Friday, March 16, 2018

Sunday Dinner March 18, 2018

On the Menu  

4 Serving

4 - 6 oz boneless, skinless chicken breast halves
½ cup olive oil
½ cup white wine (Chablis)
1 teaspoon sea salt
½ teaspoon crushed red peppers
1 tablespoon granulated garlic
1 tablespoon granulated onion
2 sprigs fresh rosemary, stems removed, finely chopped

Preheat oven 350 degrees
Line a cookie sheet with parchment paper or wipe lightly with oil.
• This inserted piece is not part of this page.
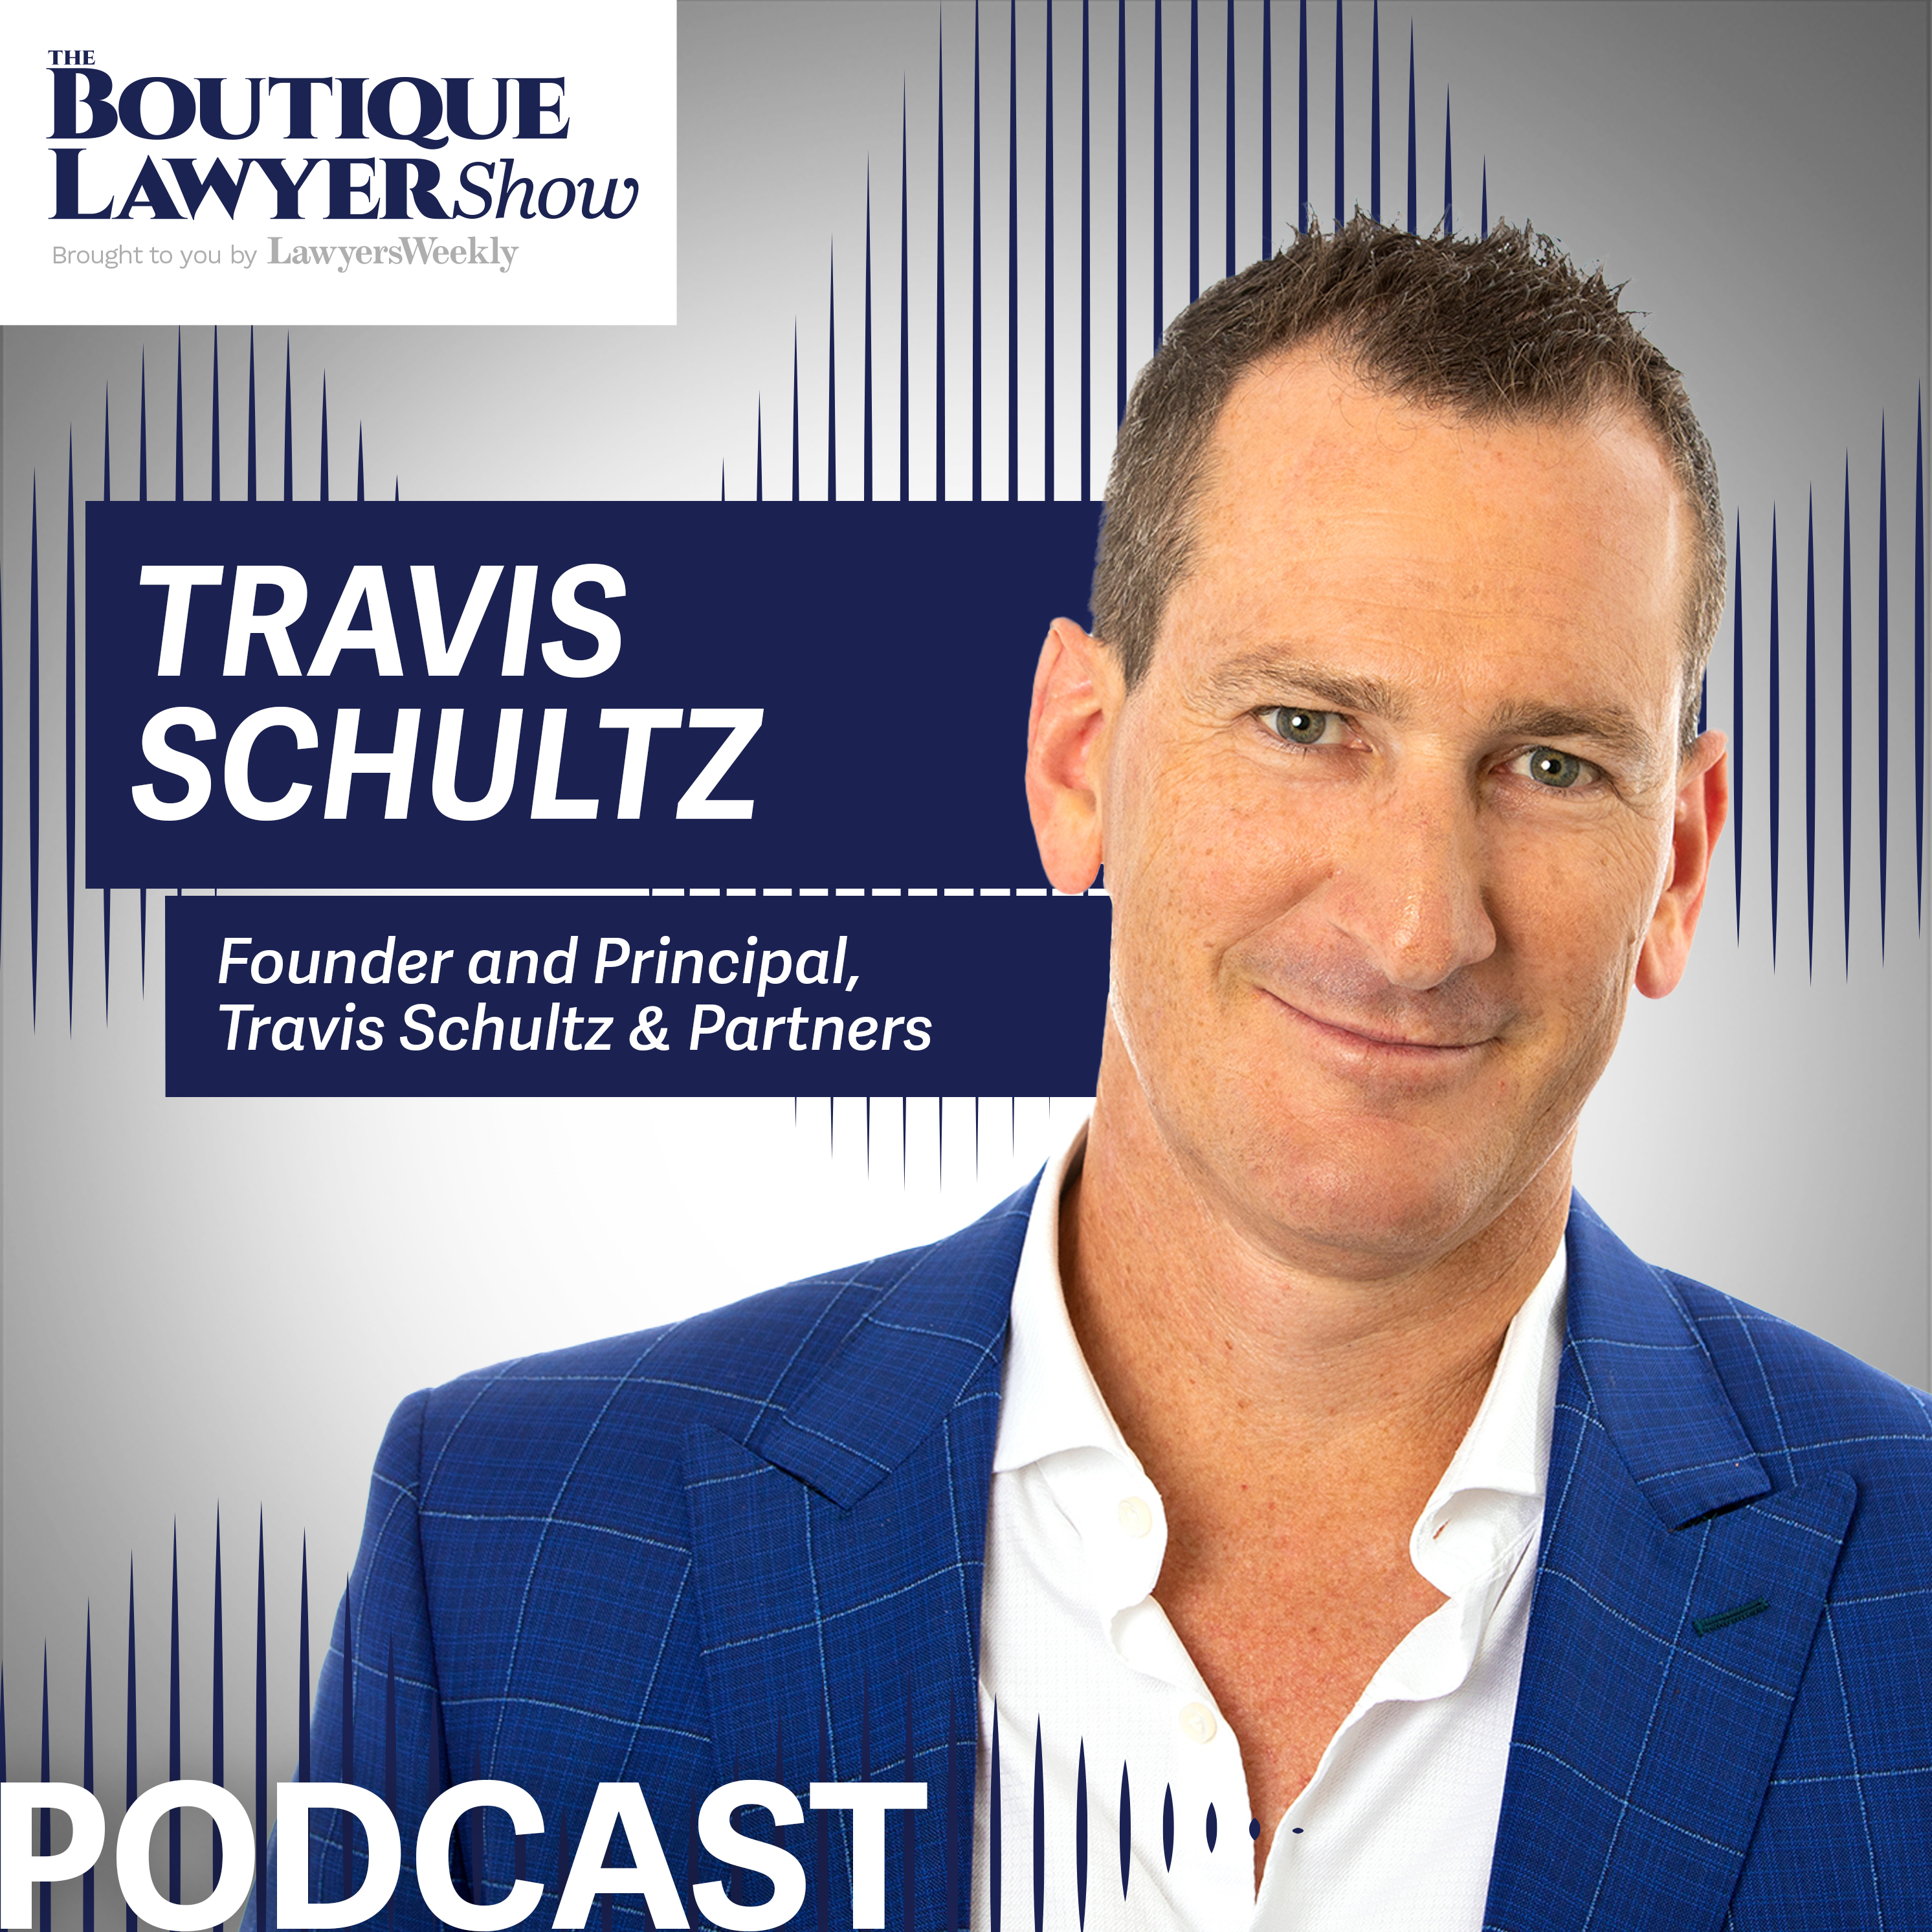 Travis Schultz Lawyers Weekly Podcast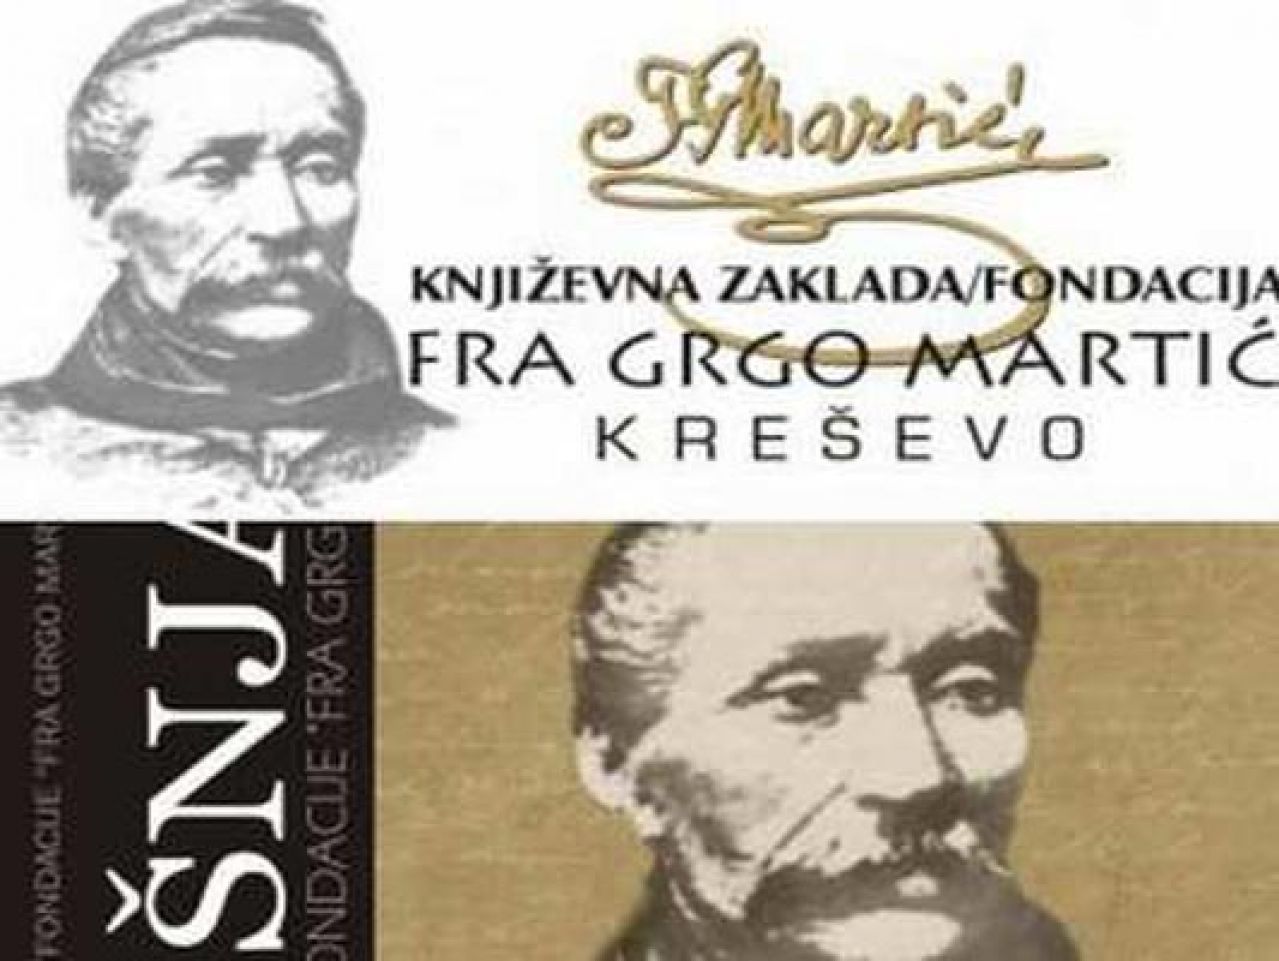 Raspisan natječaj za nagradu Fra Grgo Martić

In a large bowl, whisk together all marinade ingredients.
Add chicken and mix by hand to make sure that all pieces are completely covered with marinade. Cover bowl and let chicken marinade in refrigerator 2 hours. Or overnight.
You are now going to make grill marks on the topside of the breast by using a grill or a grill pan. Then you will finish cooking the chicken in the oven.

      Place the breast on a hot grill with the top (smooth) side down point the breast towards the 10 o’clock position.
      Cook until you see the outer rim of the breast change color/texture about 3 - 5 minutes
      Pick up the breast with tongs [not a fork ] and turn it to the 2 o’clock position to complete the criss cross marks of the grill
      Grill another 3 minutes then remove from grill
      Place breast on sheet pan and bake uncovered in the oven approximately 15 - 20 minutes.
      Remove from oven and let breast sit and rest 10 minutes before cutting
      By letting the chicken rest, you are allowing it to continue cooking.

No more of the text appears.